- **Provided data**:
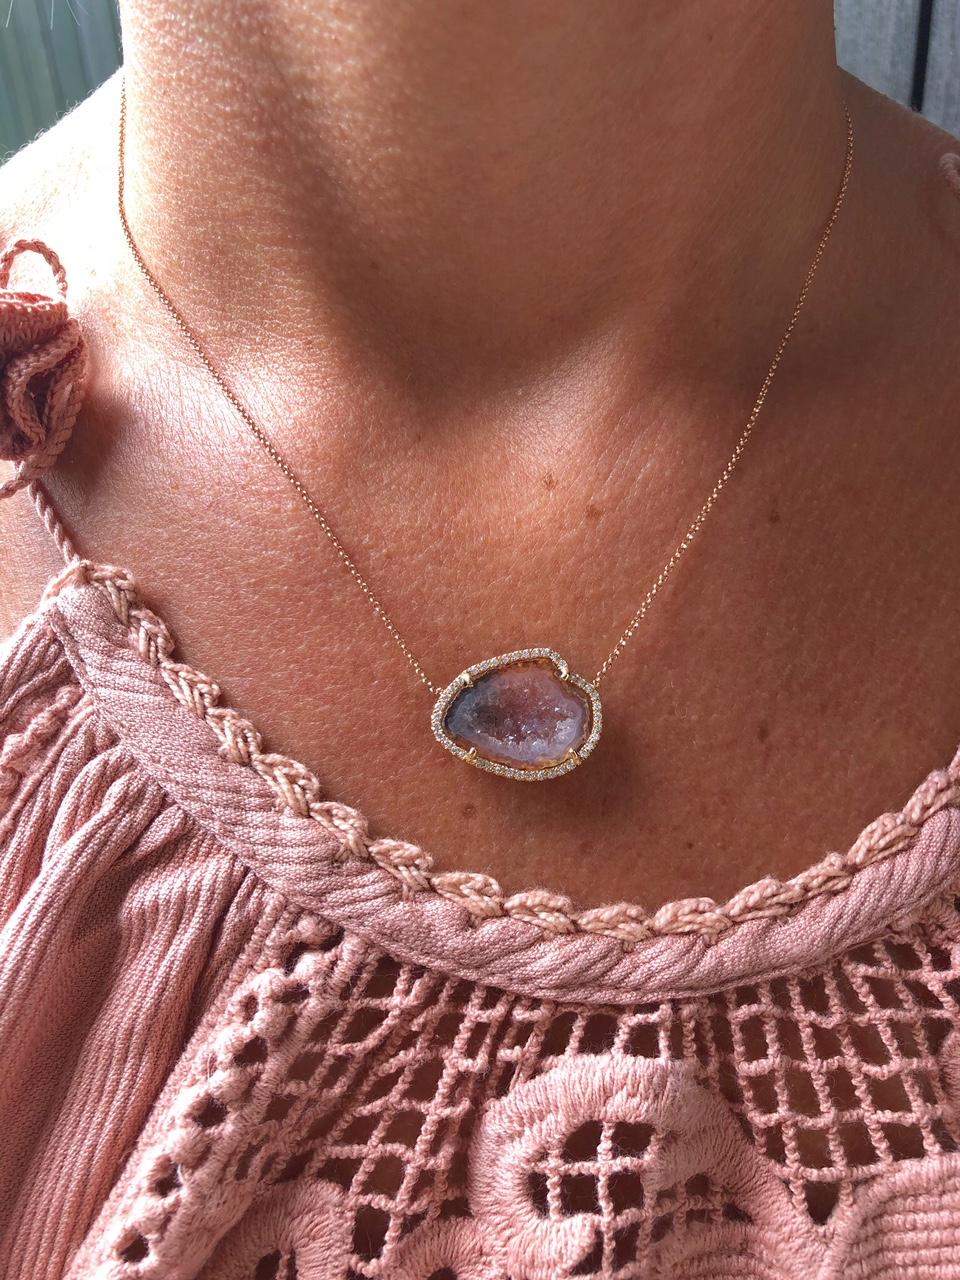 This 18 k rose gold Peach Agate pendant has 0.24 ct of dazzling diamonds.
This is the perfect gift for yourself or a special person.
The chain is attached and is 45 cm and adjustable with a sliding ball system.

---

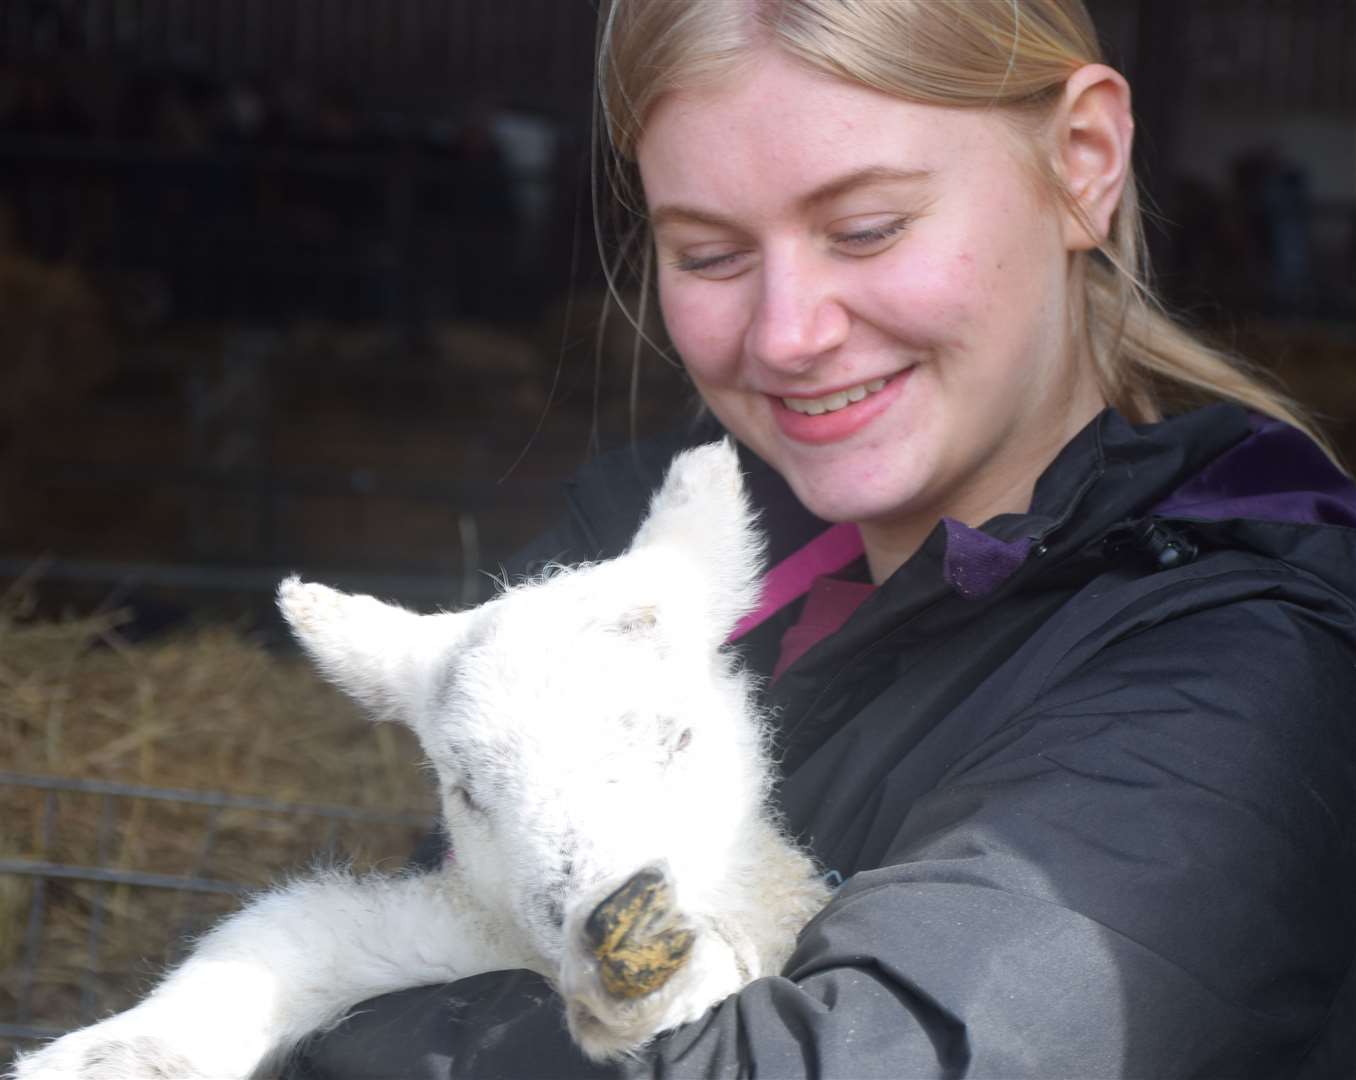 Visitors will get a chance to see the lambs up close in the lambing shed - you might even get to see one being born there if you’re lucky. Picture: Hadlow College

- **Brief**:
Output exactly the stretch of the listing that begins at the line containing "This 18 k rose" and ends at the line containing "The chain is", both kept. Omit pictures and everything else.

- **Output of the exercise**:
 This 18 k rose gold Peach Agate pendant has 0.24 ct of dazzling diamonds.
This is the perfect gift for yourself or a special person.
The chain is attached and is 45 cm and adjustable with a sliding ball system.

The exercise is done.